I moved everything I could to remote work for the rest of the week, so I have no plans for the day except being lazy and maybe making a few packing lists for Paris.
Maybe spend time at the piano, one of my favorite pastimes lately with all the nights we’ve been spending here at Jack’s apartment.
Digging through the drawers I’ve taken over, I realize they need a complete reorganization.
I’ve just been shoving things here and there as I’ve brought them over to stay the night, and I have a mix of loungewear, workwear, and evening wear all in the same cluttered space.
Pulling out a tiny clutch that I can’t even remember using lately, I tip it open, and my stomach drops as my diamond collar spills out.
Shit. I just texted this man “bye, see ya never” as if I didn’t have his multimillion-dollar necklace in my dresser drawer.
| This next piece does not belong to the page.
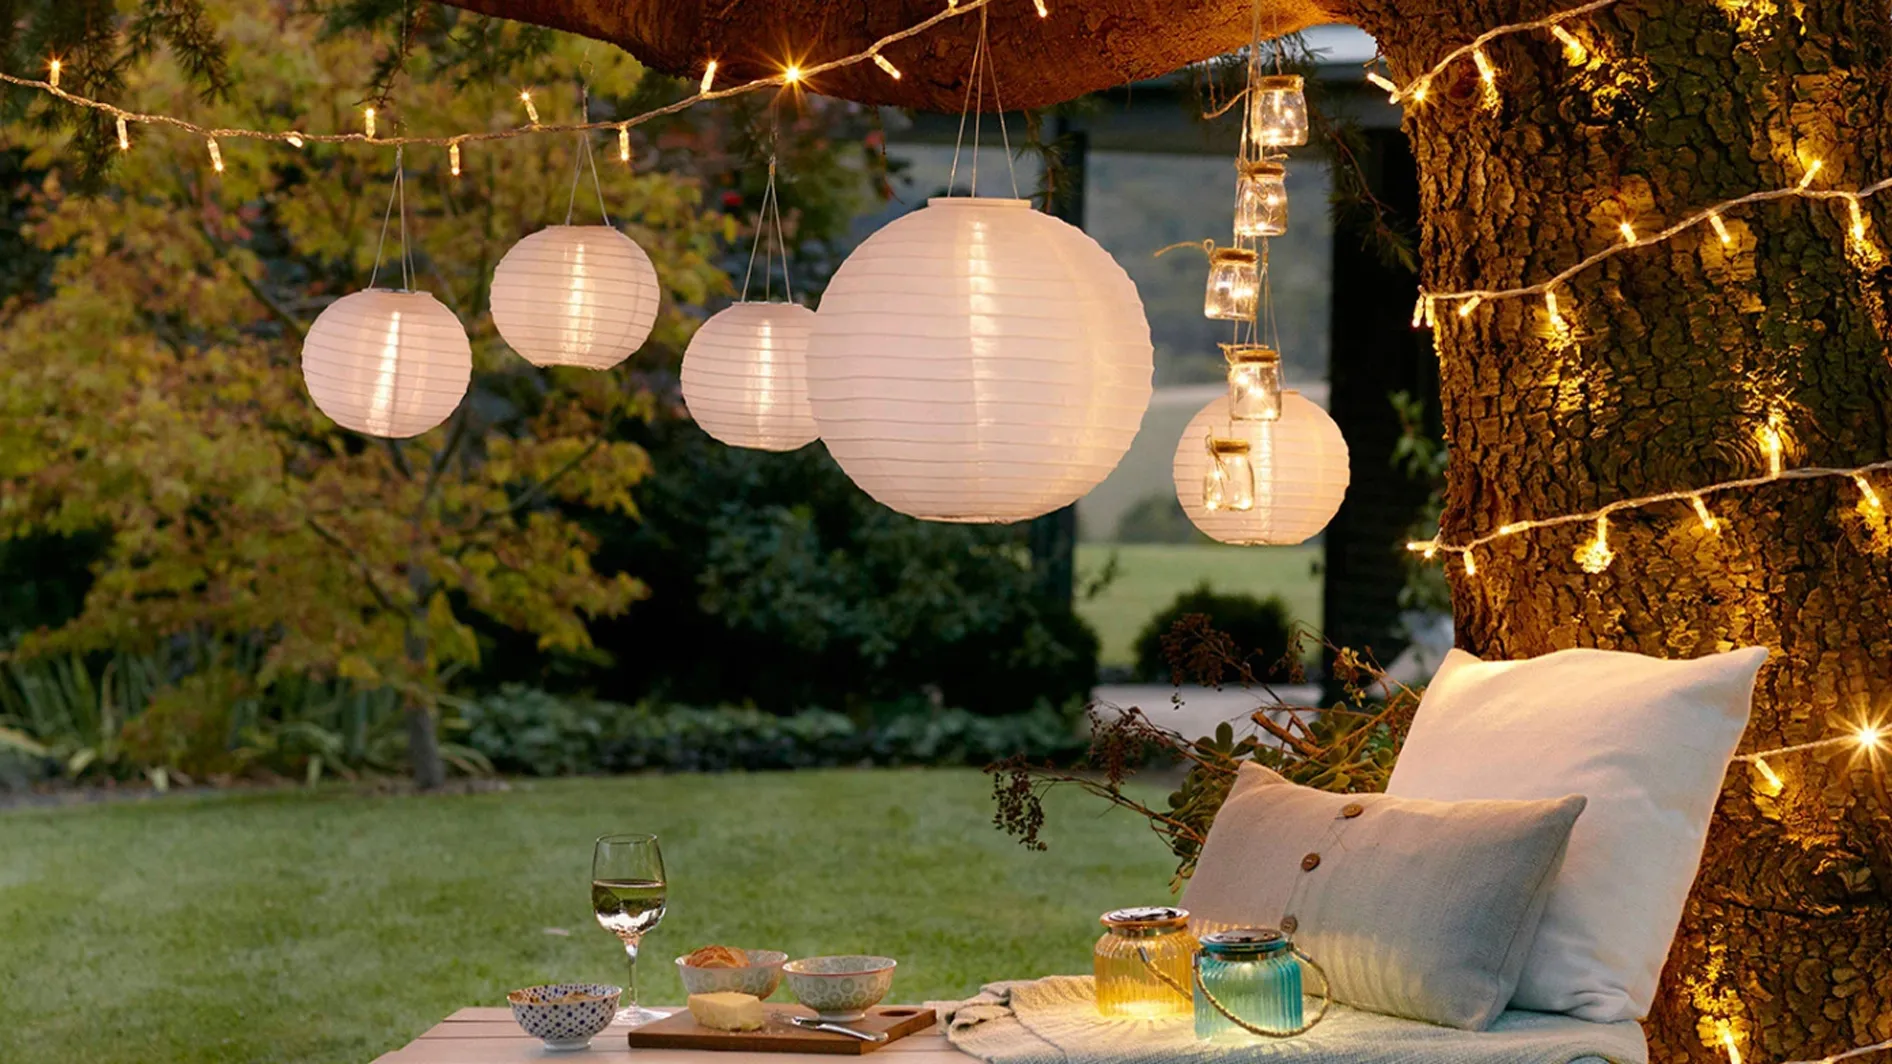 31 gorgeous garden lighting ideas – to brighten your back yard

I’m surprised he hasn’t reported it as a theft, waiting for it to pop up in some luxury pawn shop.
Okay, stay calm, Margot. There’s an easy fix for this.
For whatever reason, I still have the burner phone buried too.
I just haven’t gotten around to deleting all the info and donating it yet.
Seeing it’s still charged, the battery on these old flip phones lasts forever, I sit on the edge of the bed and send the awkward text.
“Hi. Sorry to bother you again. I just remembered I still have this necklace, and I’m pretty sure it’s real. Do you want it back? I can’t imagine keeping it, it’s far too valuable. I could leave it with the club desk for you to pick up or whatever works. Please let me know! Hope you’re doing well.”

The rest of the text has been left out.